You can also get information on the hostnames, hosts, item names, item types, and errors. You can categorize the problems as SNMP problems, shell problems such as wrong paths, and see how often certain problems happen and what hosts are assigned to what templates and host groups, and so on. This information may also be aggregated or correlated with information from UCMDB.
More data
More fun than having data within a data analytics platform has more data.
- Indexing the Zabbix Server / Proxy Logs logs, categorizing events to identify availability issues, item problems, preprocessing problems, housekeepers statistics, etc.
- A module to fetch information from Zabbix (item, host, trigger) in real-time.

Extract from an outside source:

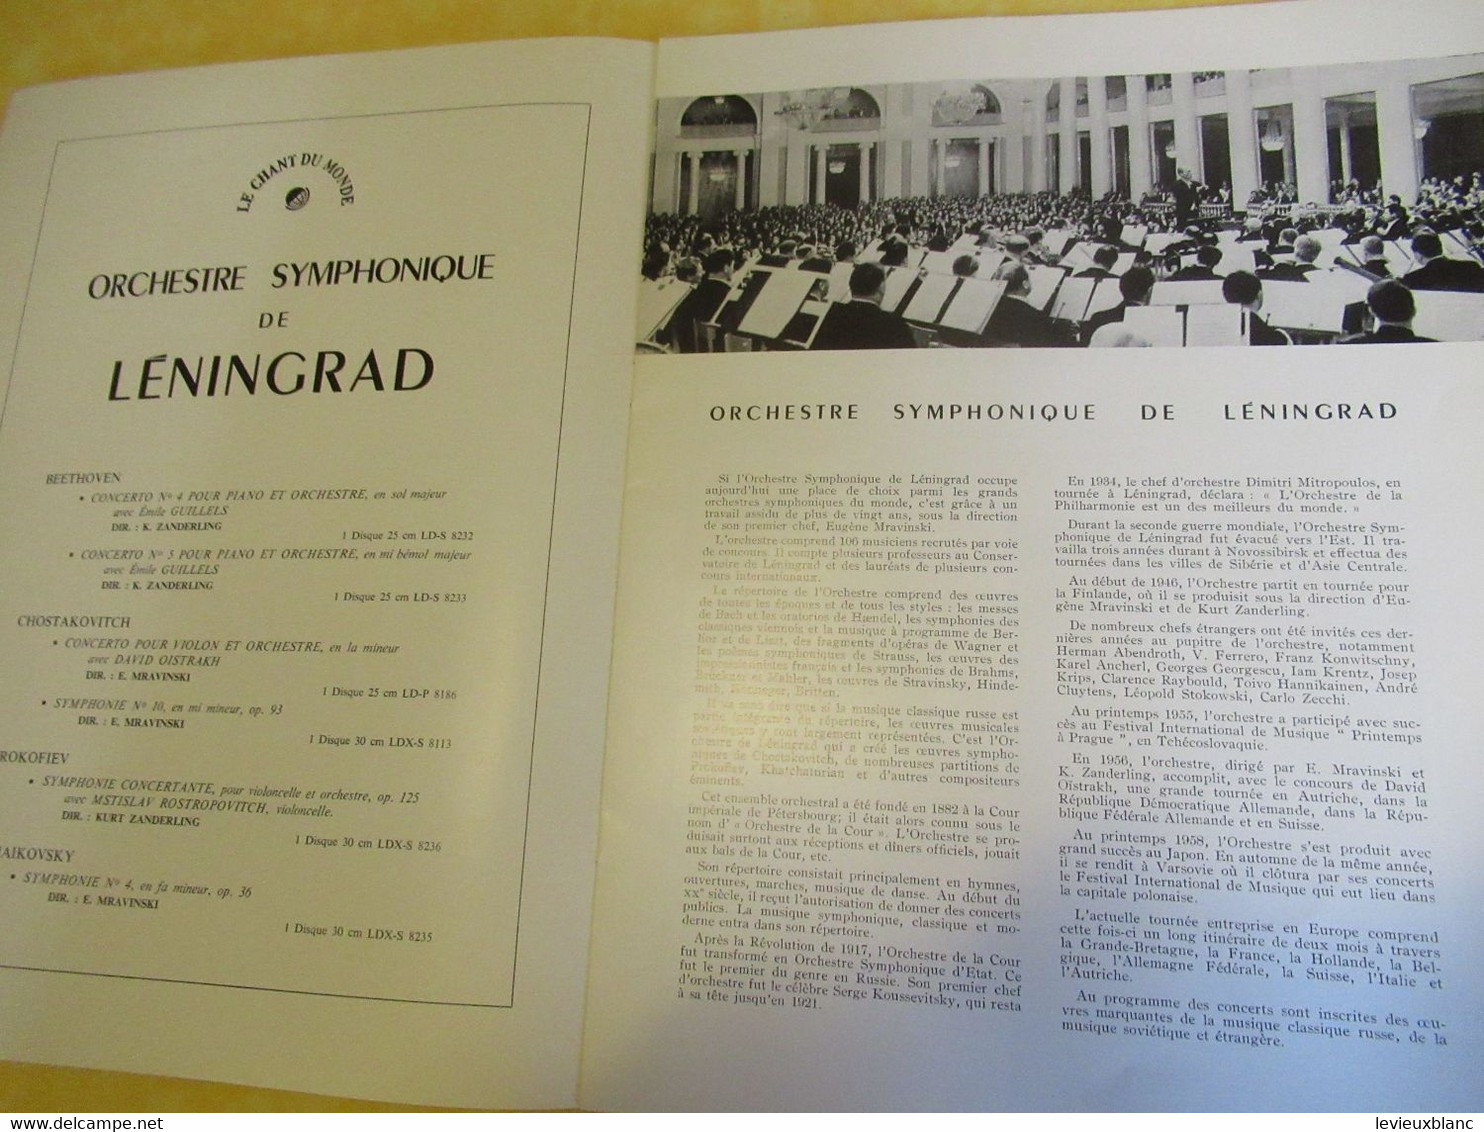 Programme Ancien/Musique/ Orchestre Symphonique De LENINGRAD/Théâtre National Du Palais De Chaillot/1960    PROG356 - Programma's

- Gathering metrics (History / Trends data) directly from Zabbix in real-time without the need to store these metrics in any place other than the Zabbix database. We can still use the data for graphing, correlations, calculations, etc.
- Onboarding the Zabbix problems into Splunk by using the new custom Media types — Webhook.
Custom Media type
- Correlation of the alert logs, which are new and available through the API since Zabbix 5.0.
- Working on the queue items to solve these questions.
Use cases
Zabbix queue
Zabbix queue may be a real headache as you can wait for a Zabbix installation with 20,000-50,000 items for 5 or 10 minutes or even longer.
In this dashboard, the same view is displayed in Zabbix: items are categorized by overtime, item type, proxy, etc. Splunk here offers what Zabbix fails — the history so that you can see the spikes when things have changed dramatically. For instance, when more significant network changes happen, the network slows down, and the queues grow dramatically. You can see whether these queues have gone back down or remained up. This information is complicated to analyze in Zabbix.
You can also drill down to see the items correlated with their actual status and the host’s status inside Zabbix. So, you can clearly see, for instance, that an item is on the host that is down or in the queue as it’s not supported and doesn’t get any data.
Here, there is also an Ignore list. So you can get statistics for the remaining items and group them, for instance, by Item type. You can go further and analyze and fix the problems.
Zabbix problems analytics
Zabbix problems dashboard
In this dashboard, Zabbix problems are displayed by system categories. For instance, we can see that over the last 24 hours, Windows caused most of the problems.
Hi Christian,
There is an interest coming from community – where we can follow with the project, may be a GitHub repository? Can you share template (media type including JavaScript) within the blog post?
Hi Christian,
I’m interested in Splunk getting data from Zabbix to analyze agent issues.
I don’t know if you can show me in detail how to configure and set up the connection for Splunk to receive data from Zabbix?